We need a partner and waiting until after we get Alz approval like he originally planned seems like a dumb idea.
Missling makes it damn hard to have faith in the company.
Sad
He should have released the “super responder” data if there indeed were any which I believe there were.
No reason to hold that.
If you have a successful Alz trial, you make your rounds at investor conferences. You pay the money for the right people to file with regulators world wide asap.
Is he just too cheap?
Is he not confident in the results?
Why drip out this data and cause self inflicted wounds unnecessarily?
No one believes him. He’s surely not acting like we’ve had a raging success.
We are ripe for a deal.
I wonder if Missling is still holding out for the voucher hoping Rett eventually gets approved.
Is this why we haven’t had any Alz movement with the FDA?
Where is the FDA guidance on Alz?
No mention at all. Messed up
Are they going to surprise us or were they surprised at the FDA’s decision?
Let’s see if we hear them mentioned at all during the next CC.
Why hasn’t Missling released the FDA’s guidance to our Alz program? Surely they have met several times, especially after the brain shrinkage and amyloid data was released.
They started with EMA because they take the longest. That’s dumb. Why not start with the shortest? EMA seems to have a higher bar since they denied the others, so another reason not to start there.
If they are waiting for OLE to complete first, then say it. And say it clearly.
It’s been a long time. Too long not to have any guidance.
It’s a shame that we need a peer review in order for people to believe us.
It seems that some think that the peer review is going to be some aha moment where everything changes.
-Institutional investors will pile in.
-Regulators will have renewed confidence in blessing our approval.
-Partners will sign deals.
-Sigma one research will accelerate more than it is already
-All our new trials will be able to move forward
Or
It will be just a ho hum that leads to more questions.
Let’s see.
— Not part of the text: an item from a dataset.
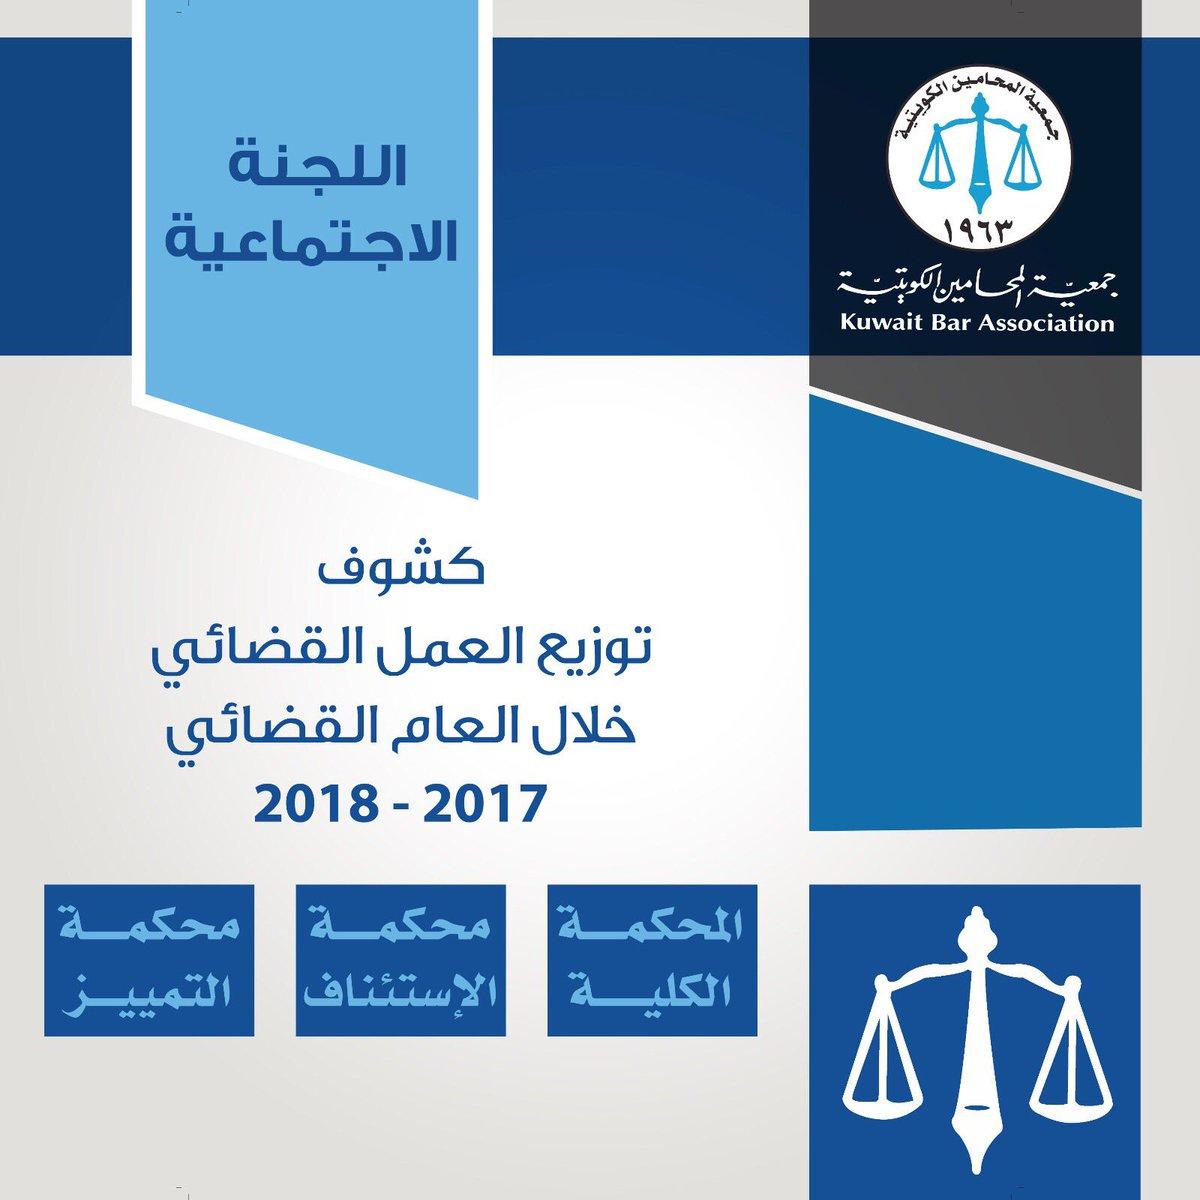 تعلن جمعية المحامين عن توفير كشوف توزيع العمل القضائي
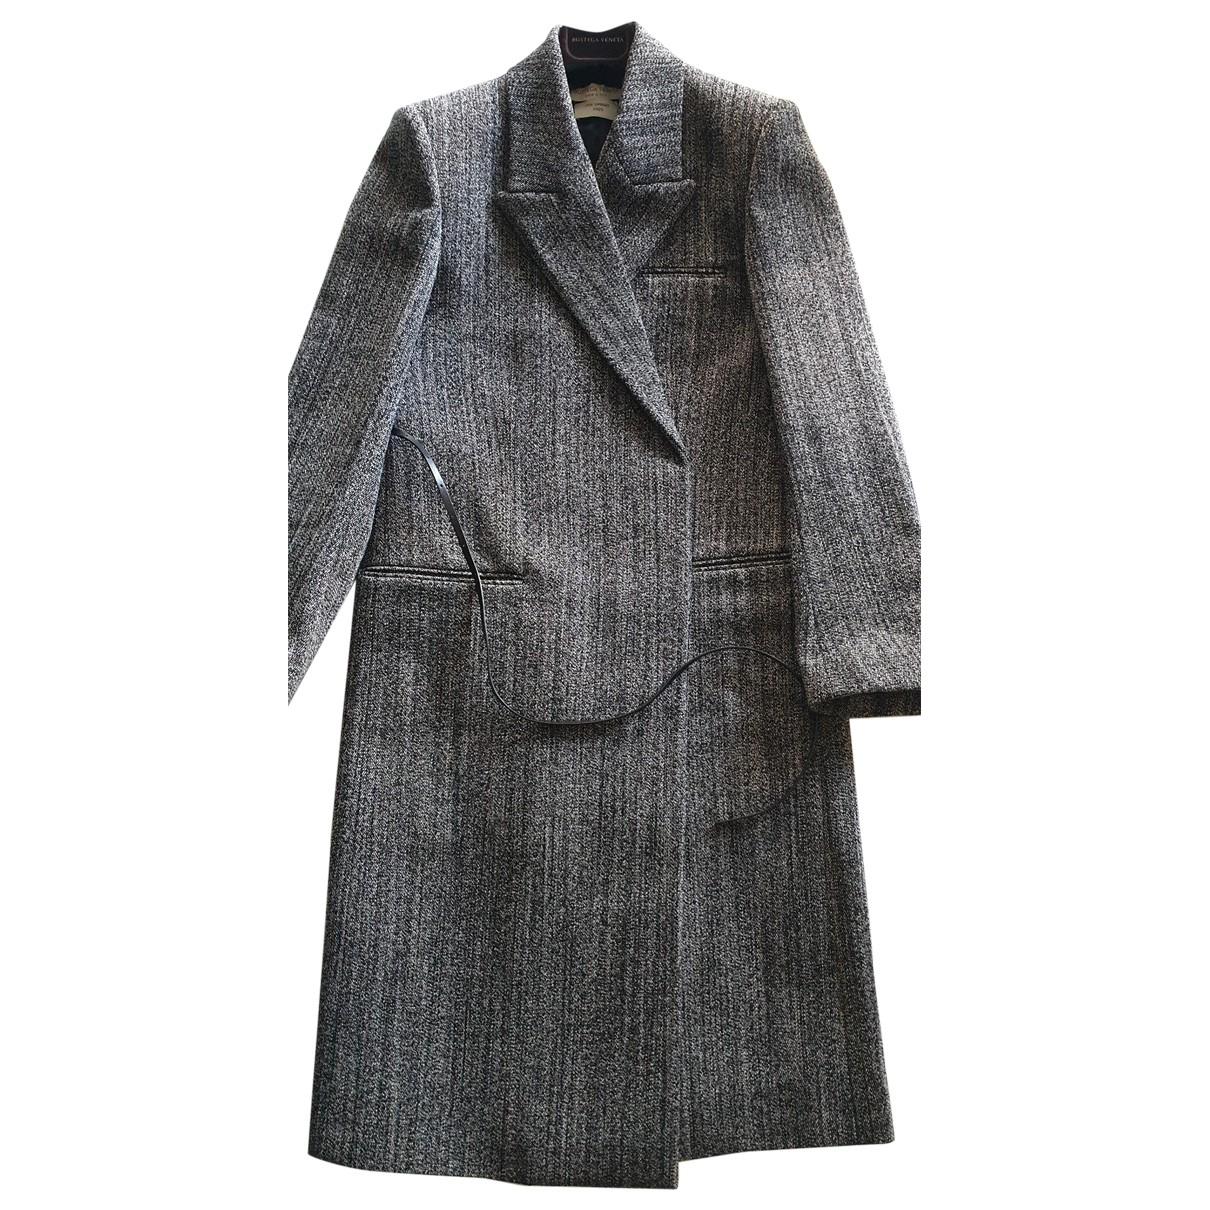 Bottega Veneta \N Black Wool coat for Women 34 FR

It should make for some good conversation here at least.
Need to hear some FDA guidance. Please!
It seems like there’s a lot riding on this peer review. Until then, the trial results and Missling’s words are fake news.
Validation of our trial and results will help in partnership negotiations and regulatory filings. SP will surely get a boost from it as new investors can be assured the results are what we say they are.
Be nice to see the “super responder” results and what actually led to the Odds Ratio. It will answer a lot of questions.
The paper may be the final piece before an agreement is made with a partner.
Why release this pre-market on a Tuesday??
Messed up!
So for the entirety of 2023, the 40 plus employees of Anavex focused on data analysis, regulatory and partnership meetings, preparation for filings, and preparation for new trials hopefully.
They had one corporate presentation and very few investor presentations.
No visible movement on any other pipeline initiatives.
Does anyone know how long it took Acadia to file an NDA after their trial ended?
Wonder if Missling could surprise us with an already filed an NDA for Rett.
All this time, in addition to EMA talks, FDA talks had to have been going on as well. They would not wait this long to get guidance from them especially after our biomarker data was revealed.
Also after all this time the previous mentioned Rett partnership discussions have matured. He even mentioned term sheets last time which was premature.
All this 2023 leg work should allow for a strong start in 2024.
Happy New Year to all!!
Rett tomorrow? They had control over the timing of today’s PR.
Quite possible that they wanted it out before the Excellence release.
Don’t want to eat leftover frozen spam from Thanksgiving on Christmas.
Last week for shiny bicycles before Christmas!